In other words, var variables are defined from the beginning of the function, no matter where the definition is (assuming that the definition is not in the nested function).

So this code:

function sayHi() {
  phrase = "Hello";

  alert(phrase);

  var phrase;
}
sayHi();

…Is technically the same as this (moved var phrase above):

function sayHi() {
  var phrase;

  phrase = "Hello";

  alert(phrase);
}
sayHi();

…Or even as this (remember, code blocks are ignored):

function sayHi() {
  phrase = "Hello"; // (*)

  if (false) {
    var phrase;
  }

  alert(phrase);
}
sayHi();

People also call such behavior “hoisting” (raising), because all var are “hoisted” (raised) to the top of the function.

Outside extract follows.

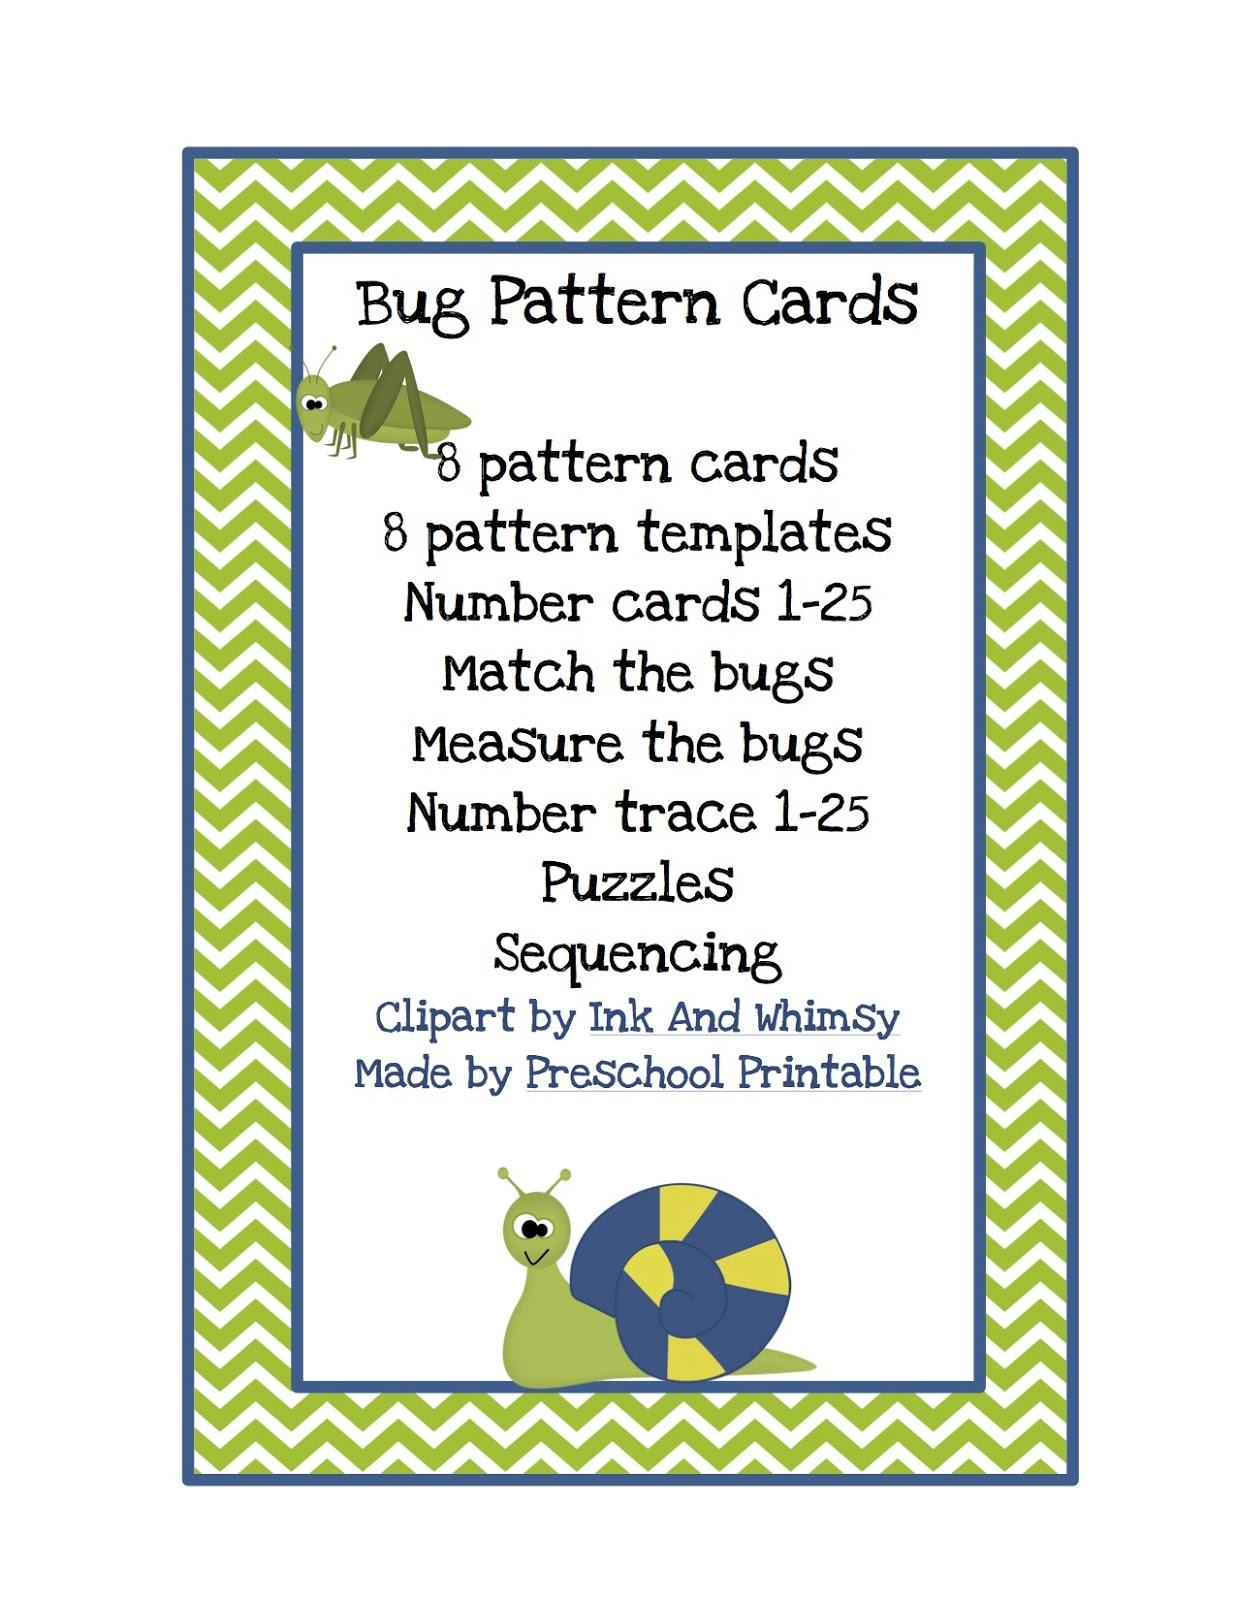 Bug Pattern Cards For Boys Preschool Printables

So in the example above, if (false) branch never executes, but that doesn’t matter. The var inside it is processed in the beginning of the function, so at the moment of (*) the variable exists.

Declarations are hoisted, but assignments are not.

That’s best demonstrated with an example:

function sayHi() {
  alert(phrase);

  var phrase = "Hello";
}

sayHi();

The line var phrase = "Hello" has two actions in it:

  1. Variable declaration var
  2. Variable assignment =.

The declaration is processed at the start of function execution (“hoisted”), but the assignment always works at the place where it appears. So the code works essentially like this:

function sayHi() {
  var phrase; // declaration works at the start...

  alert(phrase); // undefined

  phrase = "Hello"; // ...assignment - when the execution reaches it.
}

sayHi();

Because all var declarations are processed at the function start, we can reference them at any place. But variables are undefined until the assignments.

In both examples above alert runs without an error, because the variable phrase exists. But its value is not yet assigned, so it shows undefined.

IIFE

As in the past there was only var, and it has no block-level visibility, programmers invented a way to emulate it. What they did was called “immediately-invoked function expressions” (abbreviated as IIFE).

That’s not something we should use nowadays, but you can find them in old scripts.

An IIFE looks like this:

(function() {

  let message = "Hello";

  alert(message); // Hello

})();

Here a Function Expression is created and immediately called. So the code executes right away and has its own private variables.

The Function Expression is wrapped with parenthesis (function {...}), because when JavaScript meets "function" in the main code flow, it understands it as the start of a Function Declaration. But a Function Declaration must have a name, so this kind of code will give an error:

// Try to declare and immediately call a function
function() { // <-- Error: Function statements require a function name

  let message = "Hello";

  alert(message); // Hello

}();

Even if we say: “okay, let’s add a name”, that won’t work, as JavaScript does not allow Function Declarations to be called immediately:

// syntax error because of parentheses below
function go() {

}(); // <-- can't call Function Declaration immediately

So, the parentheses around the function is a trick to show JavaScript that the function is created in the context of another expression, and hence it’s a Function Expression: it needs no name and can be called immediately.

There exist other ways besides parentheses to tell JavaScript that we mean a Function Expression:

// Ways to create IIFE

(function() {
  alert("Parentheses around the function");
})();

(function() {
  alert("Parentheses around the whole thing");
}());

!function() {
  alert("Bitwise NOT operator starts the expression");
}();

+function() {
  alert("Unary plus starts the expression");
}();

In all the above cases we declare a Function Expression and run it immediately. Let’s note again: nowadays there’s no reason to write such code.

Summary

There are two main differences of var compared to let/const:

  1. var variables have no block scope, they are visible minimum at the function level.
  2. var declarations are processed at function start (script start for globals).

There’s one more very minor difference related to the global object, that we’ll cover in the next chapter.

These differences make var worse than let most of the time. Block-level variables is such a great thing. That’s why let was introduced in the standard long ago, and is now a major way (along with const) to declare a variable.